One study from 2009 found that white tea extract induces fat burning and inhibits the creation of new fat cells. The author, Marc Winnefeld, leading a team of researchers from Beiersdorf AG, Germany, found: “The extract solution induced a decrease in the expression of genes associated with the growth of new fat cells, while also prompting existing adipocytes to break down the fat they contain.”
10. Jasmine Tea
Jasmine tea commonly refers to a drink with a base of combined leaves of green or black tea and notes of jasmine blossoms. If you like sweeter drinks, Jasmine tea is naturally sweet and can be a great option in contrast with more bitter teas.

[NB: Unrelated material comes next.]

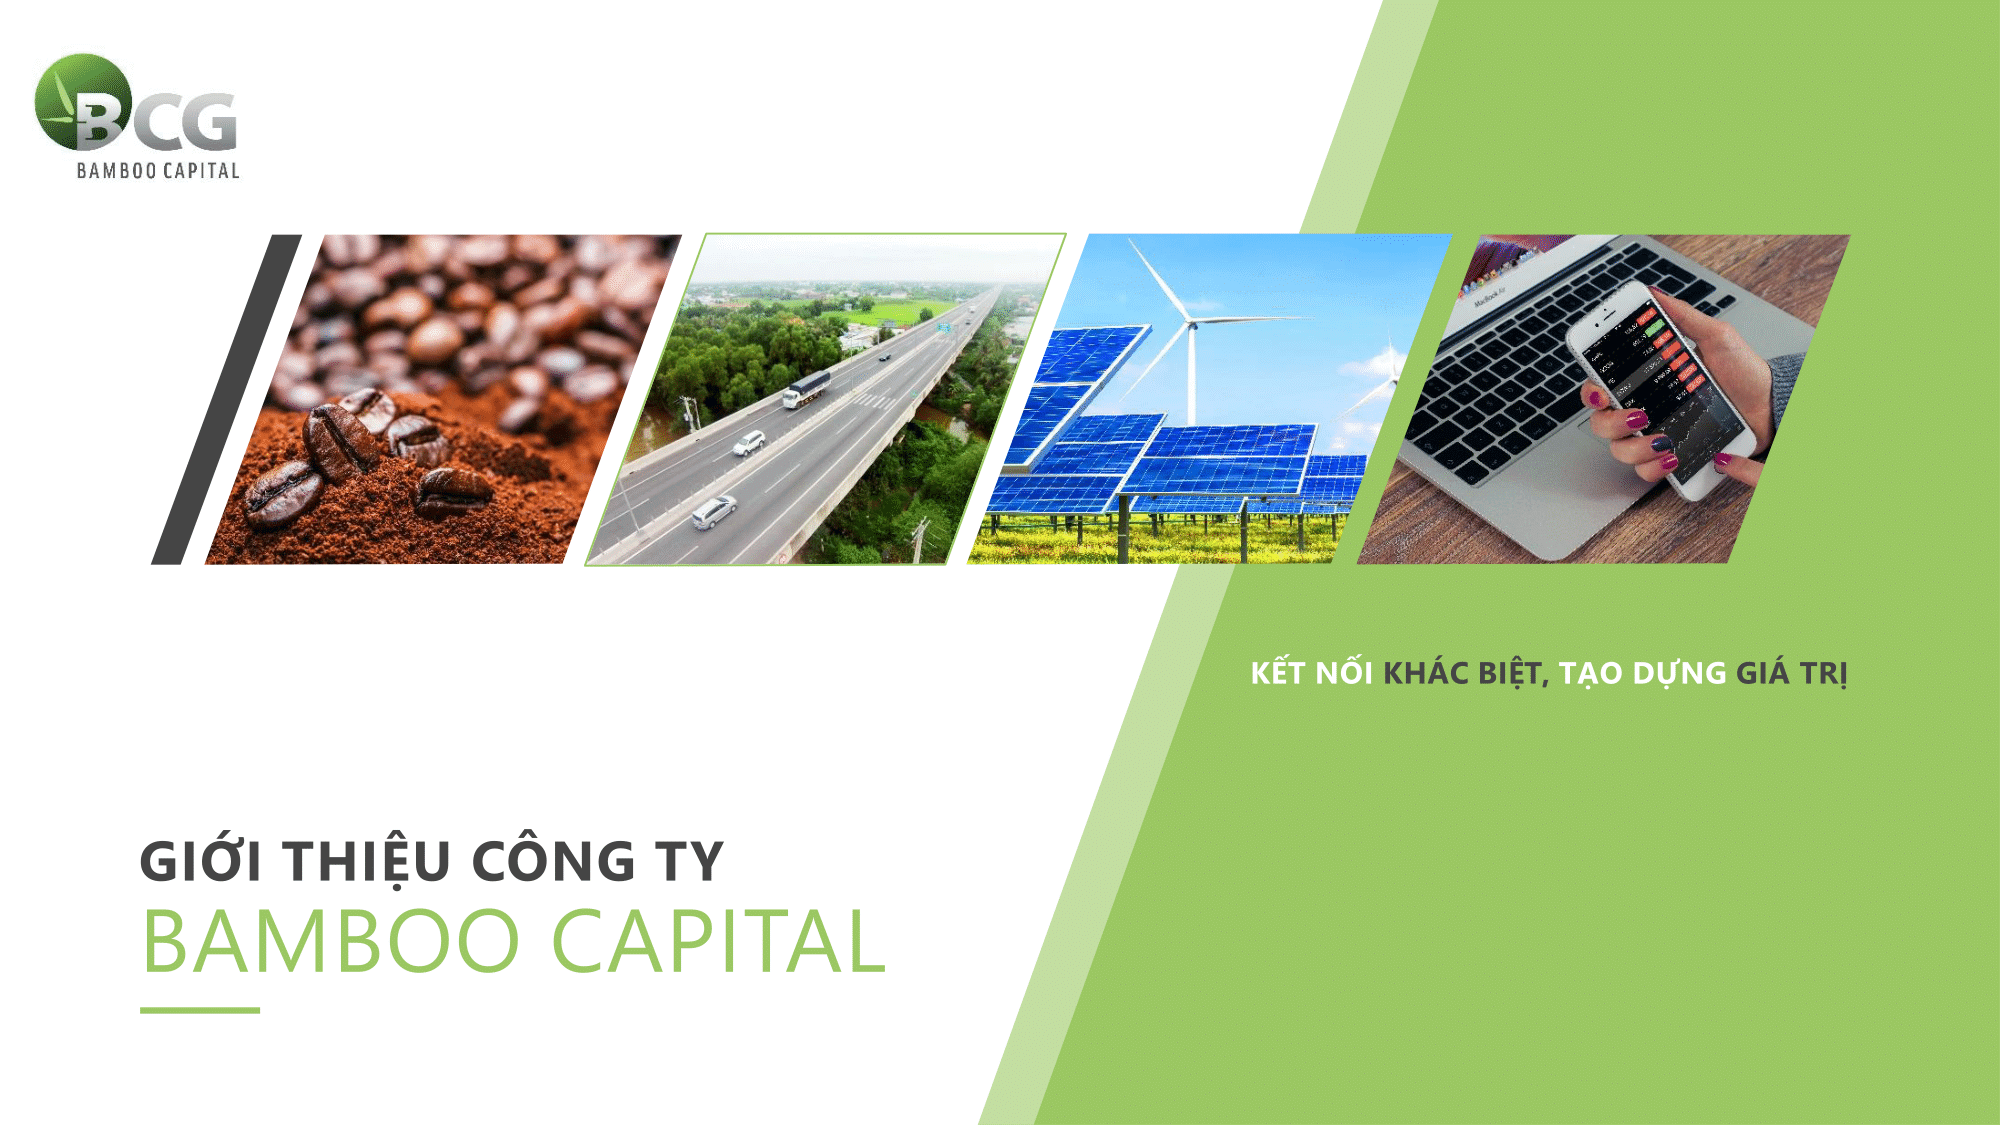 CTCP Bamboo Capital chuyển đổi trái phiếu thành cổ phiếu với giá trị lên đến 900 tỷ đồng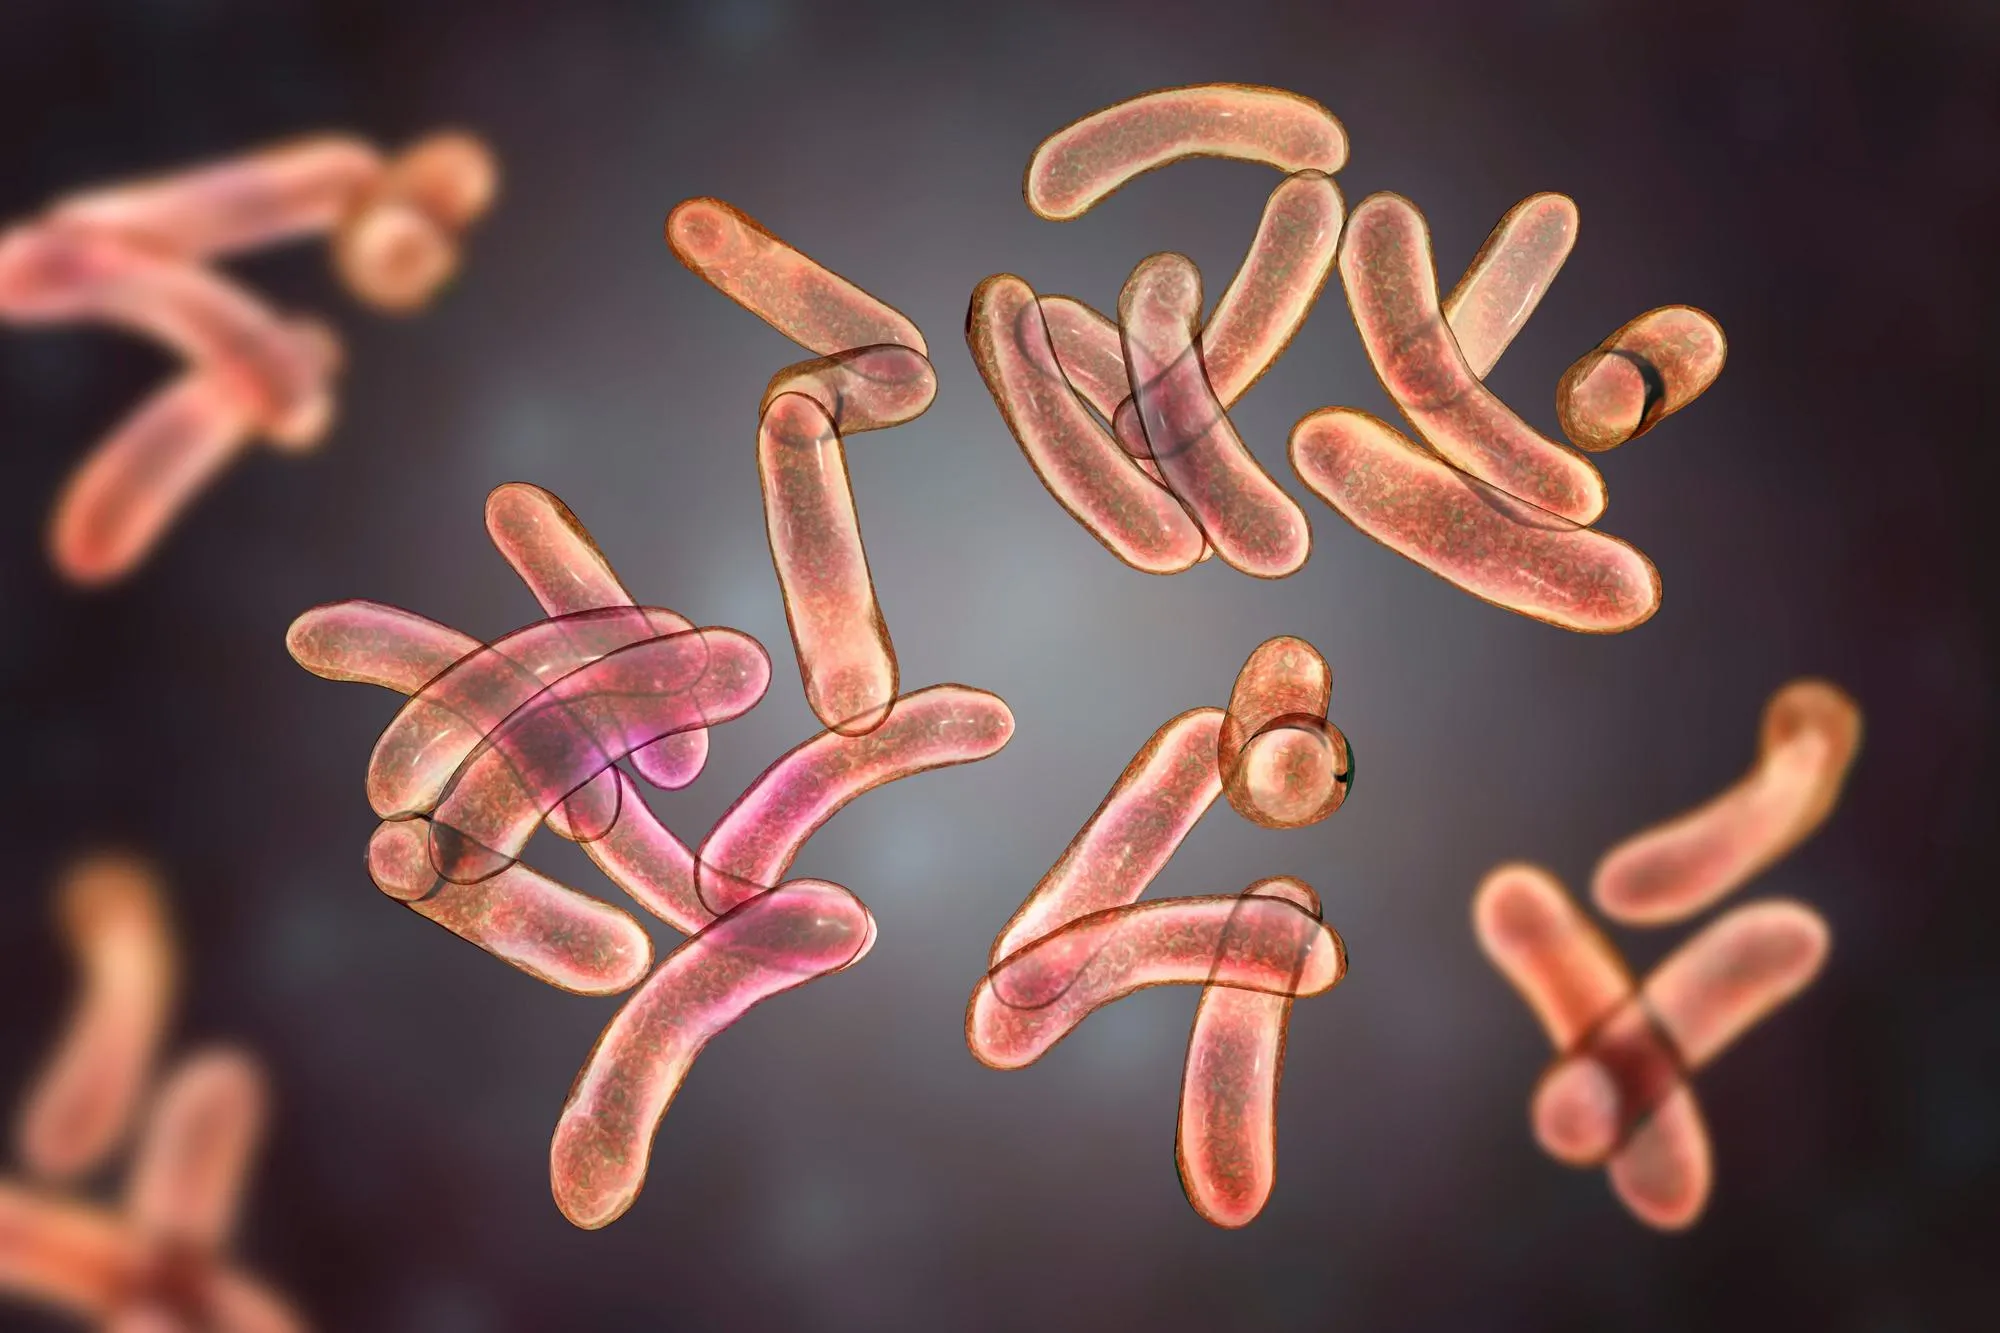 Photographie de bactéries responsables du choléra

The health benefits of jasmine tea are mainly derived from the base of green or black tea, but fragrant jasmine blossoms are thought to aid in digestion, promote sleep, and act as an aphrodisiac.
11. Hibiscus Tea
Hibiscus tea, also known as sour tea, is beloved by many as a go-to Starbucks drink, but the bold red tea offers more than just refreshment and a changeup from the usual colors. Hibiscus tea has been shown to help lower blood pressure. In a 2019 study published in the Journal of Advanced Pharmaceutical Technology and Research that looked at the benefits of hibiscus, the authors concluded that “Consumption of sour tea (H. sabdariffa) could effectively lower blood pressure in patients with stage 1 hypertension. So if lowering your blood pressure is the goal, add hibiscus herbal tea to your usual treatments,” the authors concluded.
Bottom Line: Drink Tea to Prevent Disease and Boost Natural Weight Loss
There are so many different kinds of teas that all contain a host of health benefits, so choose your tea according to your health goals, whether they include better immunity, disease prevention, or weight loss. For better health, any type of tea is a great addition to your diet.